The bug addressed in this patch is that when we end up getting two Imported calls for the same
To Decl, then we would crash in the CompleteTagDeclsScope. That's because the first time
we complete the Decl we remove the Origin tracking information (that maps the Decl back to
from where it came from). The next time we try to complete the same To Decl the Origin
tracking information is gone and we hit the to_context_md->getOrigin(decl).ctx == m_src_ctx
assert (getOrigin(decl).ctx is a nullptr the second time as the Origin was deleted).

This is actually a regression coming from D72495. Before D72495 m_decls_to_complete
was actually a set so every declaration in there could only be queued once to be completed.
The set was changed to a vector to make the iteration over it deterministic, but that also causes
that we now potentially end up trying to complete a Decl twice.
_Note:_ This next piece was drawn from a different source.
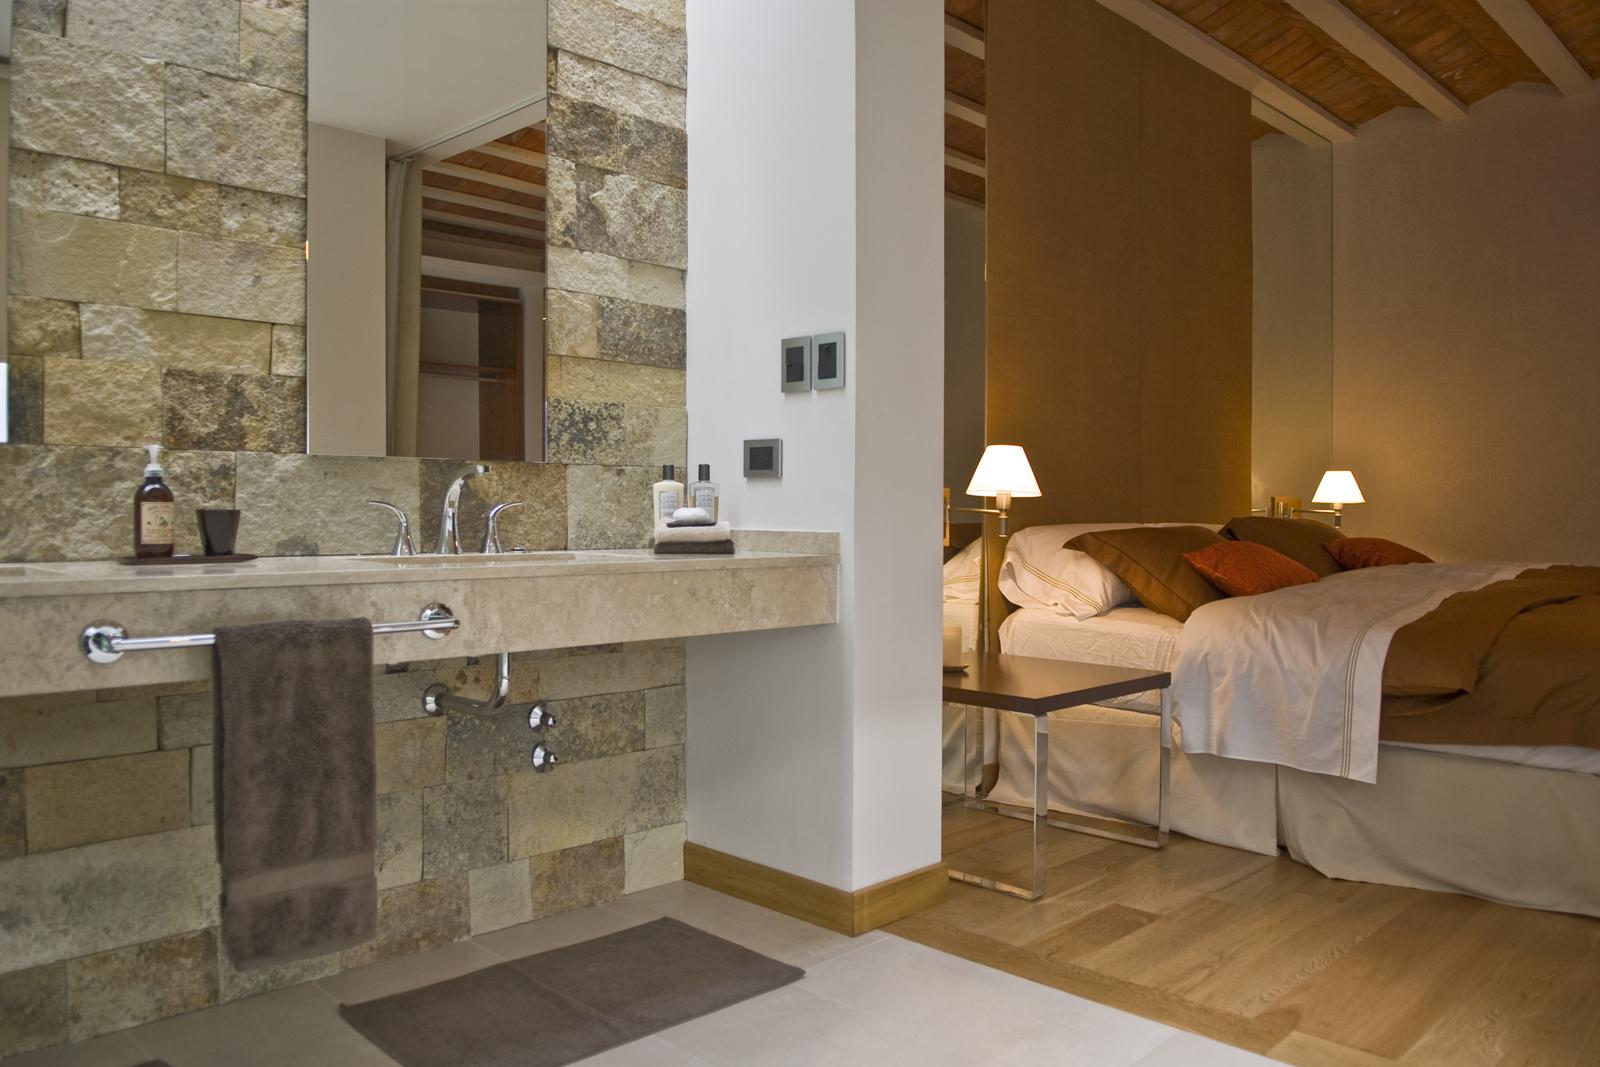 Lavatorio Baño Pequeno:Cuanto cuesta remodelar un BAÑO? – arquitecta moriello I estudio

This patch essentially just reverts D72495 and makes the CompleteTagDeclsScope use a SetVector
again for the list of declarations to be completed. The SetVector should filter out the duplicates
and also ensure that the completion order is deterministic. I actually couldn't find any way to cause LLDB
to reproduce this bug by merging declarations (this would require that we for example declare
two namespaces in a non-top-level expression which isn't possible). But the bug reproduces
very easily by just declaring a class in an expression, so that's what the test is doing.

Diff Detail

Event Timeline

teemperor created this revision.Aug 10 2020, 6:46 AM
teemperor requested review of this revision.Aug 10 2020, 6:46 AM

FWIW, the case where we get two Imported calls when importing a RecordDecl inside a FunctionDecl seems a bit like a bug. But the only way I see how this could be fixed is by making the ASTImporter keep track when it actually created a new decl in an ASTImporter::Import(Decl *) call. I'll make a follow up patch for that.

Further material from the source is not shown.